Webb View of Dimorphos Ejecta (NIRCam)
Webb View of Dimorphos Ejecta (NIRCam)

SCIENCE: NASA, ESA, CSA, Cristina Thomas (Northern Arizona University), Ian Wong (NASA-GSFC)
IMAGE PROCESSING: Joseph DePasquale (STScI)

This image from NASA’s James Webb Space Telescope’s Near-Infrared Camera (NIRCam) instrument shows Dimorphos, the asteroid moonlet in the double-asteroid system of Didymos, about 4 hours after NASA’s Double Asteroid Redirection Test (DART) made impact. A tight, compact core and plumes of material appearing as wisps streaming away from the center of where the impact took place, are visible in the image. Those sharp points are Webb’s distinctive eight diffraction spikes , an artifact of the telescope’s structure.

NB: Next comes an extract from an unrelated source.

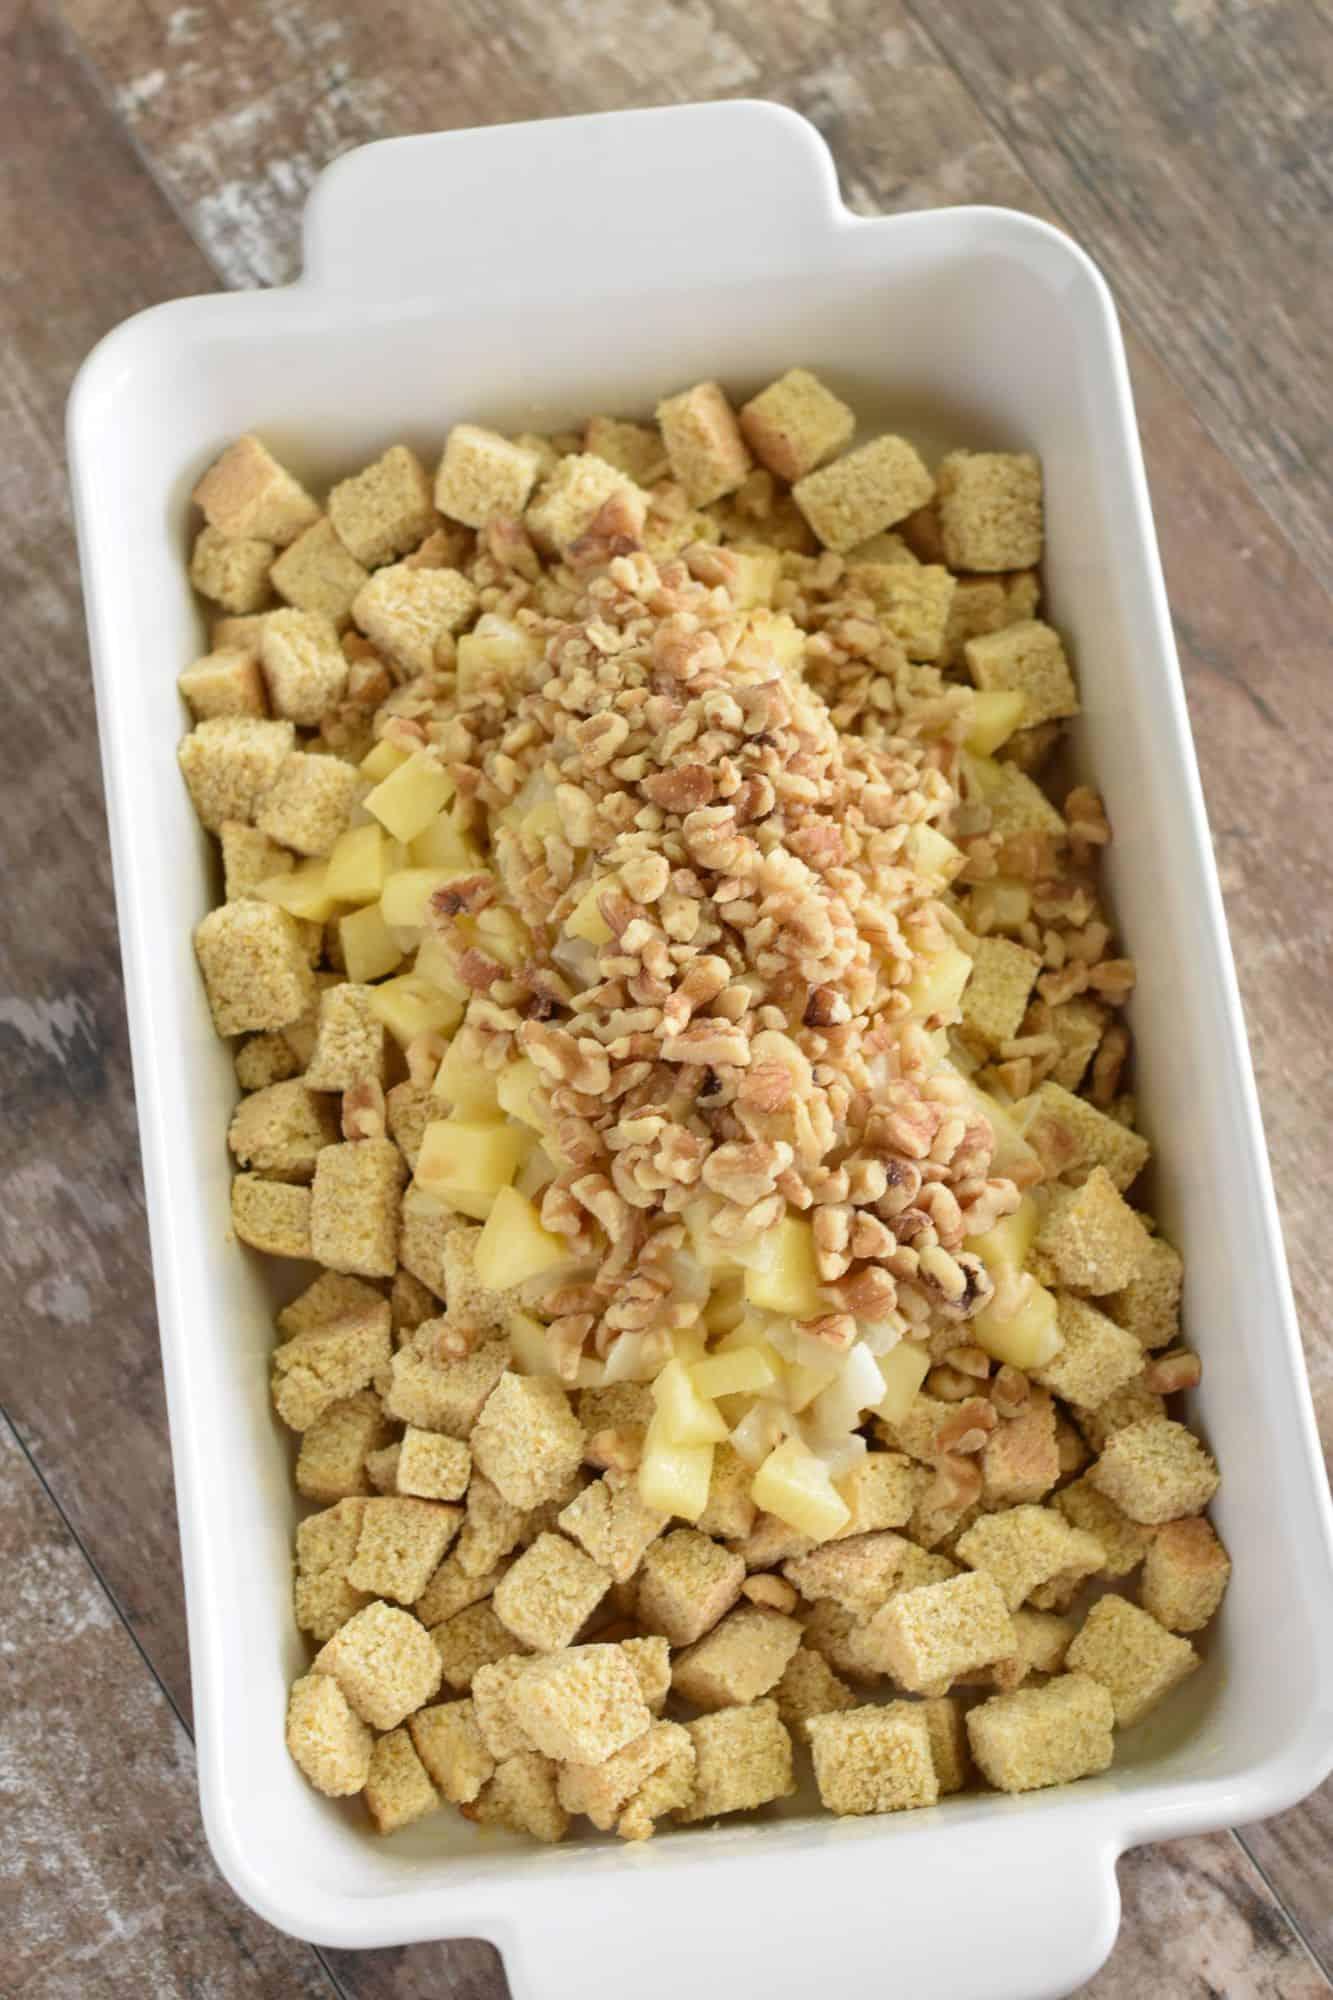 walnuts added to casserole dish

These observations, when combined with data from NASA’s Hubble Space Telescope, will allow scientists to gain knowledge about the nature of the surface of Dimorphos, how much material was ejected by the collision, and how fast it was ejected.

In the coming months, scientists will use Webb’s Mid-Infrared Instrument (MIRI) and Near-Infrared Spectrograph (NIRSpec) to observe ejecta from Dimorphos further. Spectroscopic data will also provide researchers with insight into the asteroid’s chemical composition.

The observations shown here were conducted in the filter F070W (0.7 microns) and assigned the color red.

NIRCam was built by a team at the University of Arizona and Lockheed Martin’s Advanced Technology Center.